Ξένη Γήινος
Ξένη Γήινος

Reputation: 3072

How can one scrape any table from Wikipedia in Python?

I want to scrape tables from Wikipedia in Python. Wikipedia is a good source to get data from, but the data present is in HTML format which is extremely machine unfriendly and cannot be used directly. I want the data in JSON format.

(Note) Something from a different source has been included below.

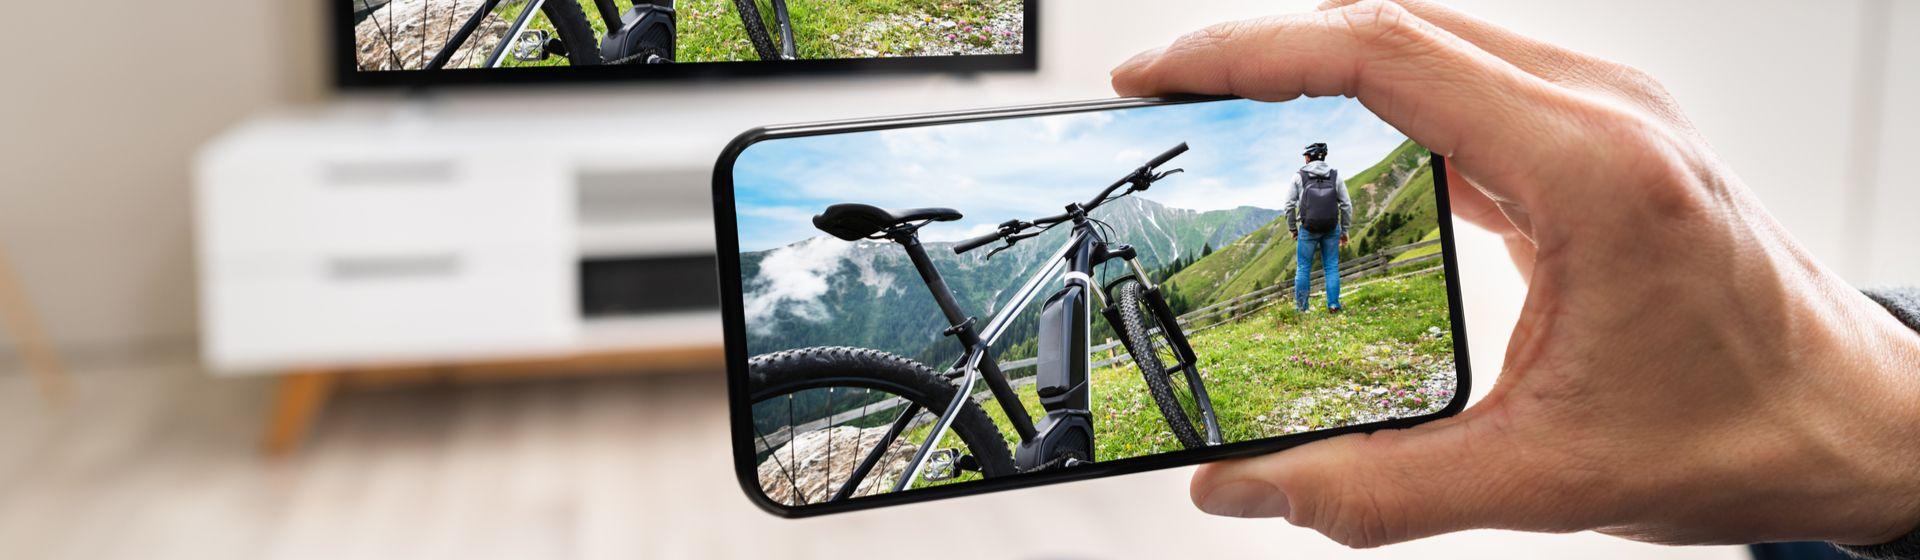 Mão segurando um celular na horizontal com um aplicativo para assistir TV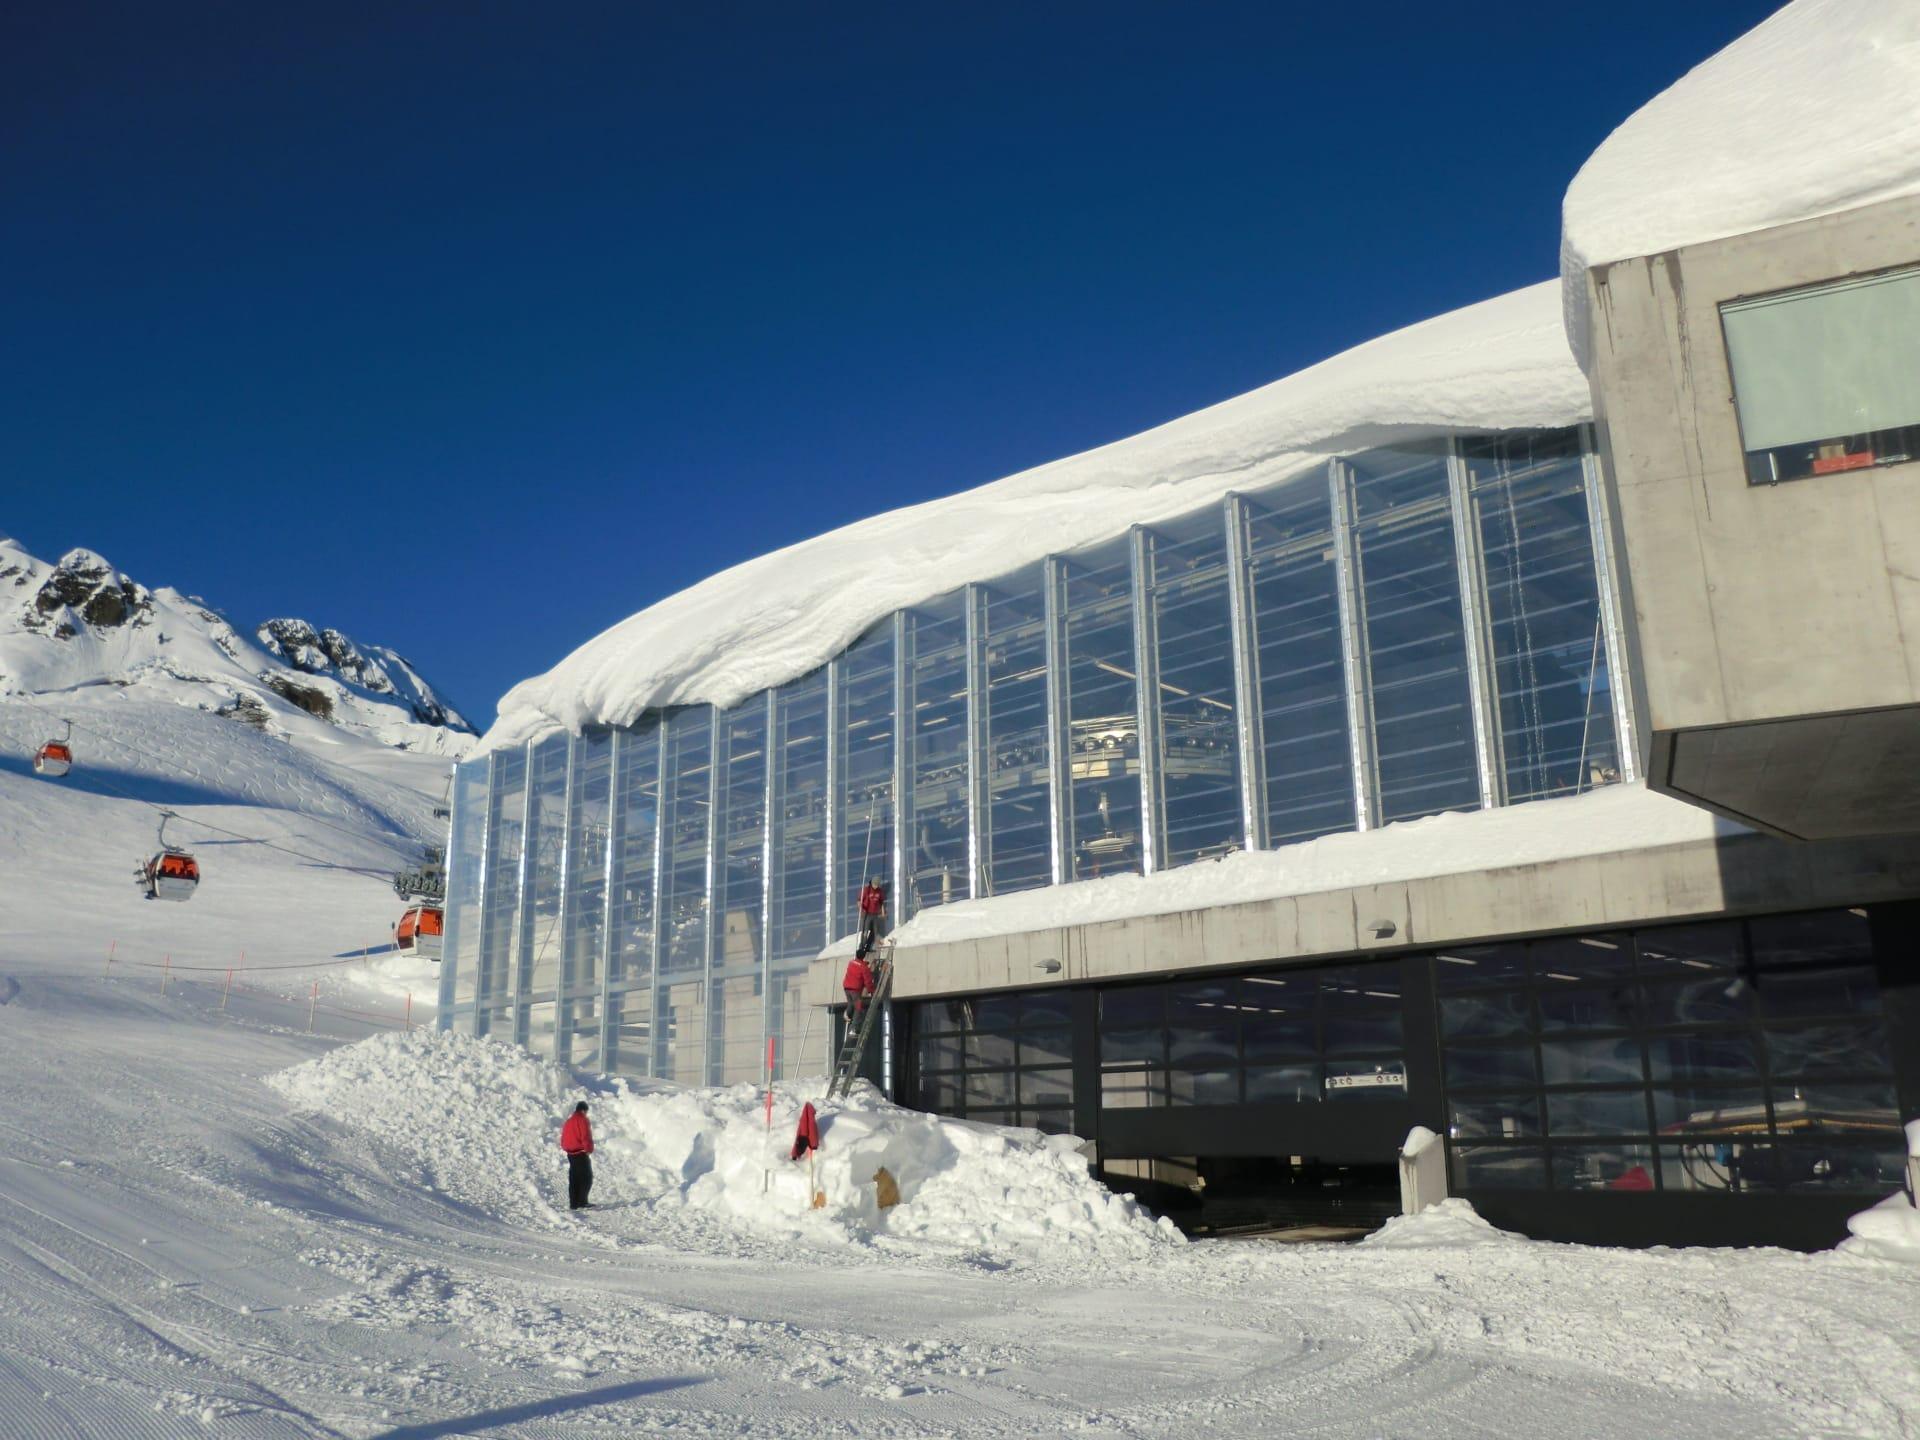 ETFE eröffnet Möglichkeit im alpinen Klima

As an example, the following scrapes the primary table from here: https://en.wikipedia.org/wiki/Unicode_block

import re
import requests
from lxml import html

res = requests.get('https://en.wikipedia.org/wiki/Unicode_block').content
tree = html.fromstring(res)

UNICODE_BLOCKS = []
for block in tree.xpath(".//table[contains(@class, 'wikitable')]/tbody/tr/td/span[@class='monospaced']"):
    codes = block.text
    start, end = (int(i[2:], 16) for i in codes.split('..'))
    row = block.xpath('./ancestor::tr')[0]
    block_name = re.sub('\n|\[\w+\]', '', row.find('./td[3]/a').text)
    assigned = int(row.find('./td[5]').text.replace(',', ''))
    scripts = row.find('./td[6]').text_content()
    if ',' in scripts:
        systems = []
        for script in scripts.split(', '):
            i = script.index('(')
            name = script[:i-1]
            count = int(script[i+1:].split(" ")[0].replace(',', ''))
            systems.append((name, count))
    else:
        systems = [(scripts.strip(), assigned)]

    UNICODE_BLOCKS.append((start, end, block_name, assigned, systems))

It does exactly what I wanted and I have painstakingly verified its correctness, but as you can see it is rather complicated and works only for that specific table.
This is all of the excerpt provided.